I was thinking about ways of further optimising ASK queries in my SPARQL engine the other day and had an observation which seems fairly intuitive and obvious:
OPTIONAL clauses in ASK Queries can be ignored by a SPARQL engine
So I wondered whether I was correct and whether any existing engines use this optimisation? I have tried to explain my reasoning with a few examples below - counter-examples are welcomed - so any feedback on this would be appreciated.
Consider the following query:
ASK WHERE { ?s ?p ?o OPTIONAL { ?s a ?type } }
For the above query the OPTIONAL
is surely completely irrelevant to whether the ASK
evaluates to true since only the first part of the query has to match?
Now lets consider some slightly less clear queries:
ASK WHERE { OPTIONAL { ?s <http://example.org/noSuchPredicate> ?o } }
In the above the OPTIONAL
is still irrelevant since the algebra will be LeftJoin(BGP({}), BGP({ ?s <http://example.org.noSuchPredicate> ?o }), true)
and since the LHS is the empty BGP it always matches so the result is always true
Now where I think it starts to get really tricky is when you have OPTIONALs nested or in combination with other nested patterns:
ASK WHERE
{
{ ?s <http://example.org/noSuchPredicate> ?o }
UNION
{ OPTIONAL { ?s ?p ?o } }
}
Again this should be true as the 2nd branch of the Union is equivalent to my 2nd example and as such should always result in true. Can anyone come up with an example involving nesting where ignoring the OPTIONAL
would affect the result of the query?
Now this next example is one that I am unsure on since in this query the later part of the query is reliant on the OPTIONAL
matching (or it would be for a SELECT
query):
PREFIX books: <http://example.org/book/>
PREFIX dc: <http://purl.org/dc/elements/1.1/>
PREFIX vcard: <http://www.w3.org/2001/vcard-rdf/3.0#>
ASK WHERE
{
?book dc:title ?title
OPTIONAL { ?book dc:creator ?author }
?author vcard:FN ?name
}
Does the OPTIONAL
have to be evaluated here or could it still be ignored? My suspicion is that is can still be ignored since the two other patterns could still match the data in isolation and they can still be joined (disjoint solutions are always compatible).

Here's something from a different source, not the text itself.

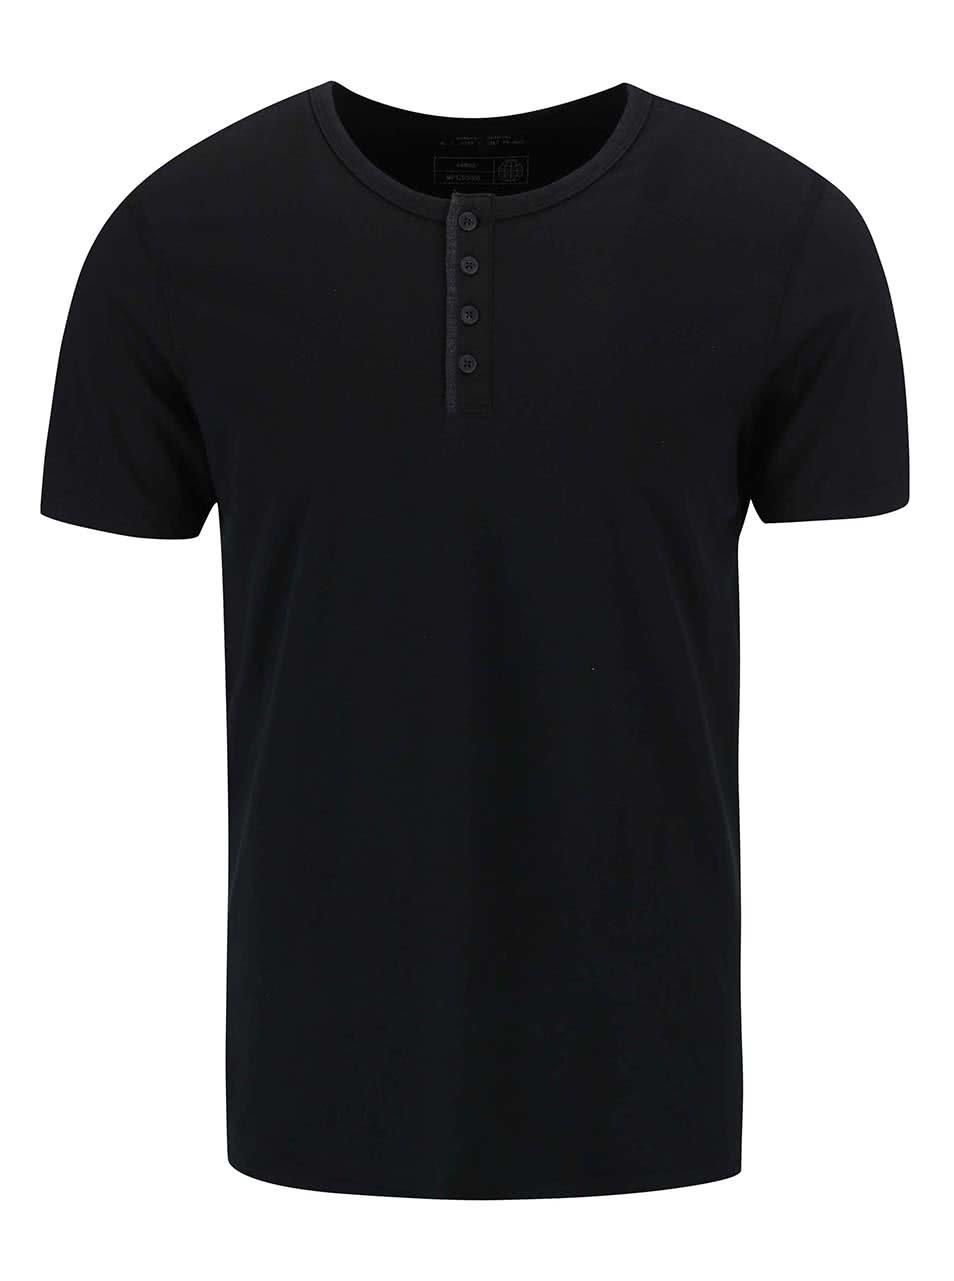 Černé triko s knoflíky Blend

The algebra for the above is:
Join(LeftJoin(BGP({?book dc:title ?title}), BGP({?book dc:creator ?author}), true), BGP({?author vcard:FN ?name})

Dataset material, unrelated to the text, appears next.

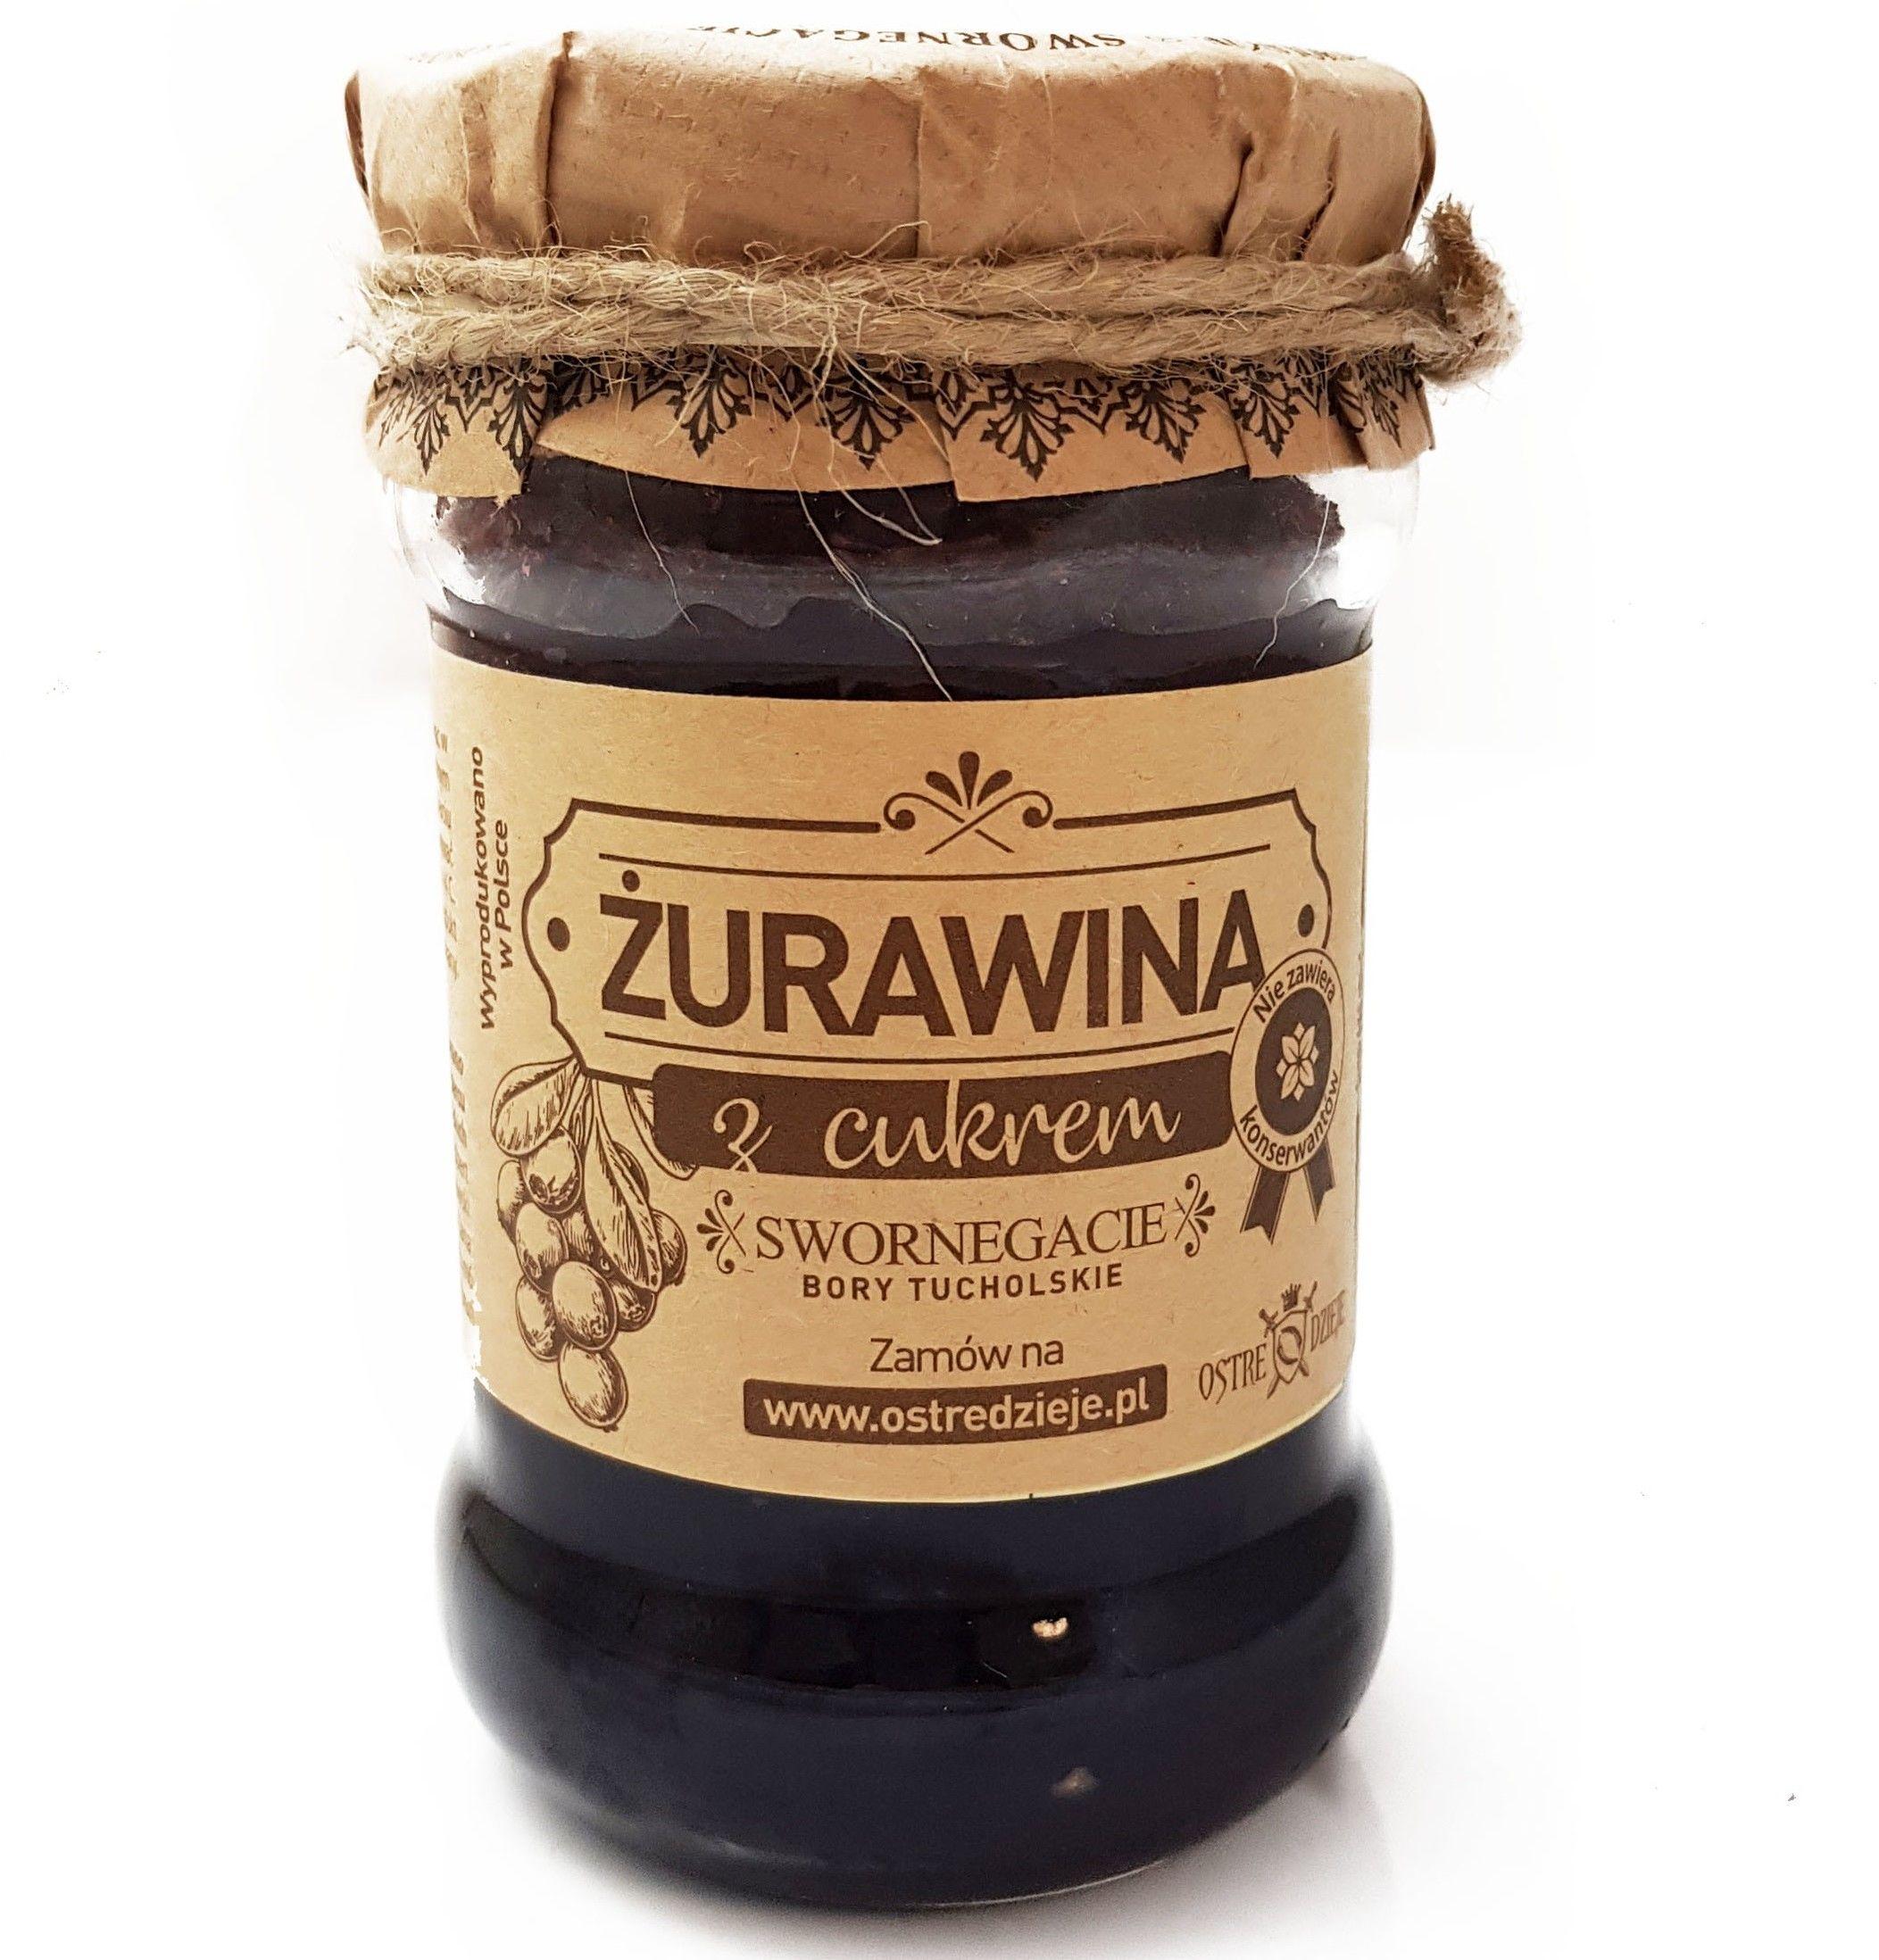 Żurawina błotna miksowana z cukrem. Bez konserwantów z Borów Tucholskich. Tradycyjna receptura.

So in my intuition simplifying the LeftJoin
down to just BGP({?book dc:title ?title})
doesn't actually change the overall semantics of the query IMO (please correct me if I'm wrong).
Final examples time - does having a FILTER
in the OPTIONAL
make any difference to this? Again my intuition is no since a FILTER
inside an OPTIONAL
is only used to determine whether solutions found inside the OPTIONAL
should be joined to those outside of it e.g.
ASK WHERE
{
?s ?p ?o
OPTIONAL { ?s a ?type . FILTER(false) }
}
The only obvious scenario I can find where ignoring the OPTIONAL
actually would make a difference is the pattern for checking that something does/doesn't exist (the OPTIONAL + FILTER(!BOUND(?var))
pattern):
PREFIX books: <http://example.org/book/>
PREFIX dc: <http://purl.org/dc/elements/1.1/>
PREFIX vcard: <http://www.w3.org/2001/vcard-rdf/3.0#>
ASK WHERE
{
?book dc:creator ?author
OPTIONAL { ?author vcard:FN ?name }
FILTER (!BOUND(?name))
}
So in this case the OPTIONAL
is actually essential to the result. From an optimisation point of view the algebra would be the following:
Filter(LeftJoin(BGP({?book dc:creator ?creator}), BGP({?author vcard:FN ?name}), true), !BOUND(?name))
So perhaps we can go with the following optimisation rule:
For
ASK
queries aLeftJoin
operator can always be simplified to just the LHS component of the operator provided that theLeftJoin
operator does not occur inside aFilter
operator
What do people think? Can you find any mistakes in my reasoning or is this generally a sound optimisation to make?